The slow movement is similarly vocal, but perhaps more chaste and churchlike than operatically emotional. Yet its calm beauty is constantly threatened, in very Mozartian fashion, by the number of troubled modulations the music undergoes and by the nocturnal shadows in which it is often cloaked. Again the world of Don Giovanni seems not far distant.
But a different opera pervades the finale, which is a theme and variations supposedly inspired by the song of a pet starling – though more probably it was Mozart who taught his starling to sing it. From starling to birdman clearly required no great stretch of his imagination, and the music anticipated here is conspicuously Papageno’s in The Magic Flute. Yet the five variations are not just decorated versions of the theme but real creative feats of the imagination, comic, touching, and true to the whole nature of the piano concerto as Mozart envisaged it.

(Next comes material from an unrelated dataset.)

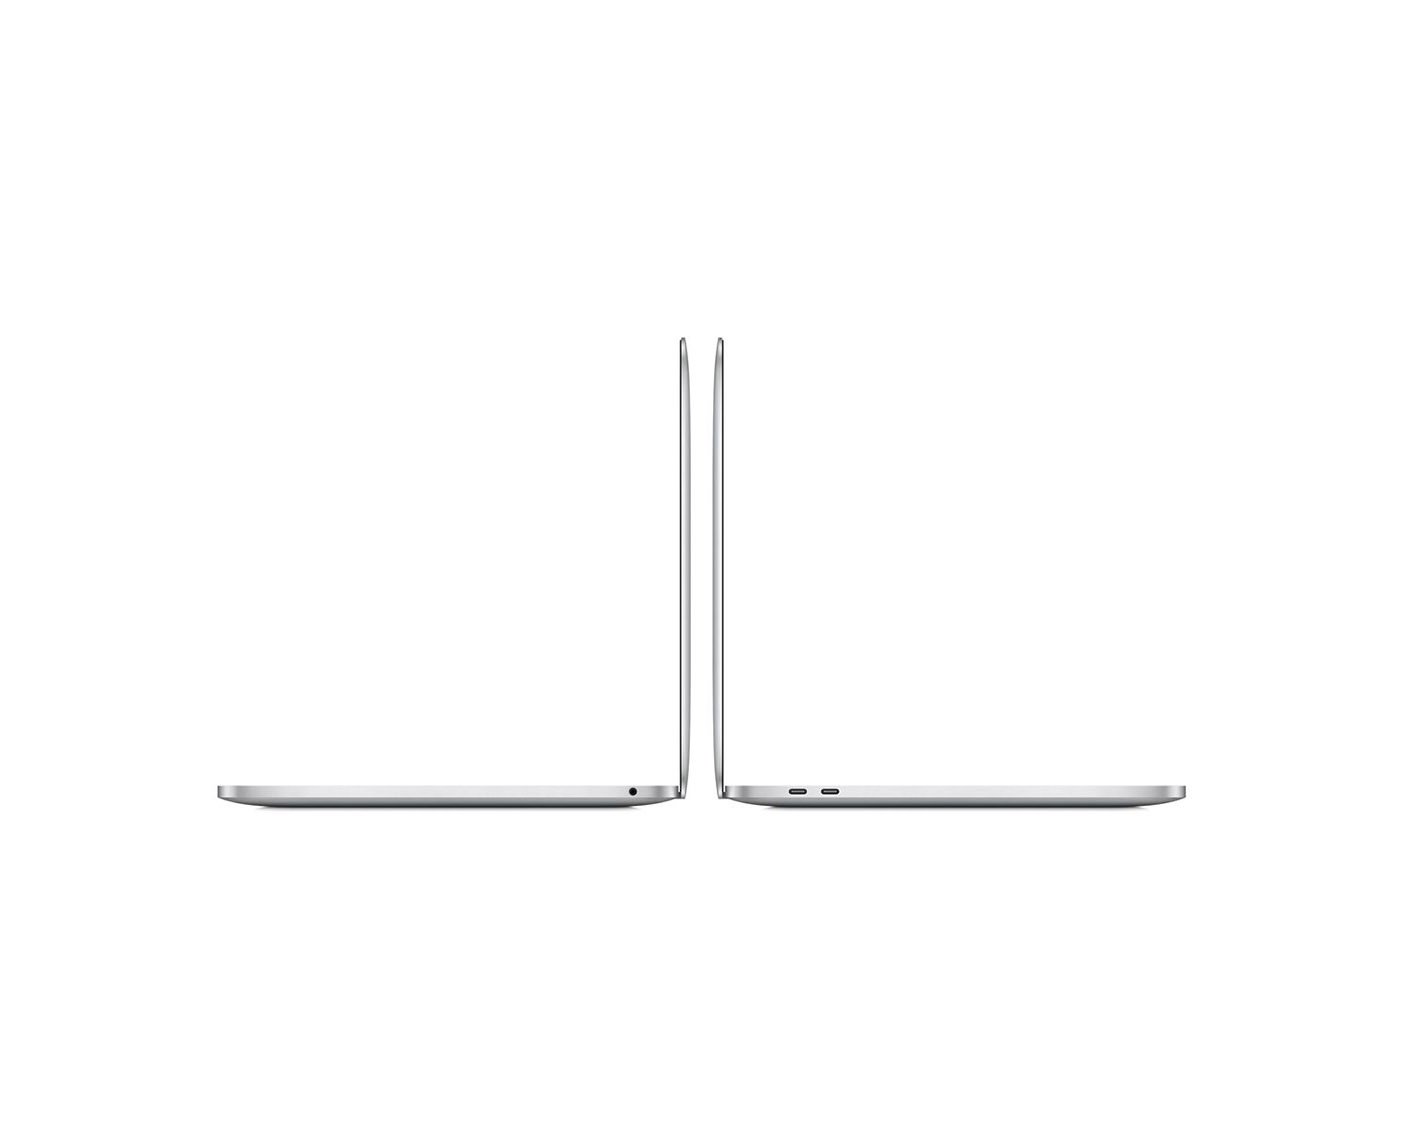 Macbook Pro 13-inch (Touchbar | 4 thunderbolt ports) - 2020 - i7 - Silver

Nor does the increase of speed from allegretto to presto in the course of the finale imply that the movement has reached its coda. What it has reached is tantamount to a second finale – Mozart actually added the inscription "finale" at this point – making the music seem like the concerto equivalent of one of his operatic multiple finales, in which the pace increases step by step, with exhilarating comic effect.
© Conrad Wilson
Ludwig van Beethoven (1770–1827)
Symphony No 6 in F, Op 68, 'Pastoral' (1807-08)
Allegro ma non troppo - The awakening of happy feelings on arriving in the country
Andante molto moto - By the brook
Allegro - The joyful gathering of country folk
Allegro - Thunderstorm
Allegretto - Shepherds' thanksgiving after the storm
Composers have been evoking nature in music as long as they have been writing it down — and probably well before that. Birds, storms, streams and sunrises are a common feature of many 18th-century works, most famously (now, at least) in Vivaldi’s Four Seasons. So this piece, written in 1807-08 looked back to a grand tradition, but at the same time was one of the most original and influential works of the 19th century. It is hard to imagine the nature pictures of Berlioz, Mendelssohn, Wagner, and Strauss without it.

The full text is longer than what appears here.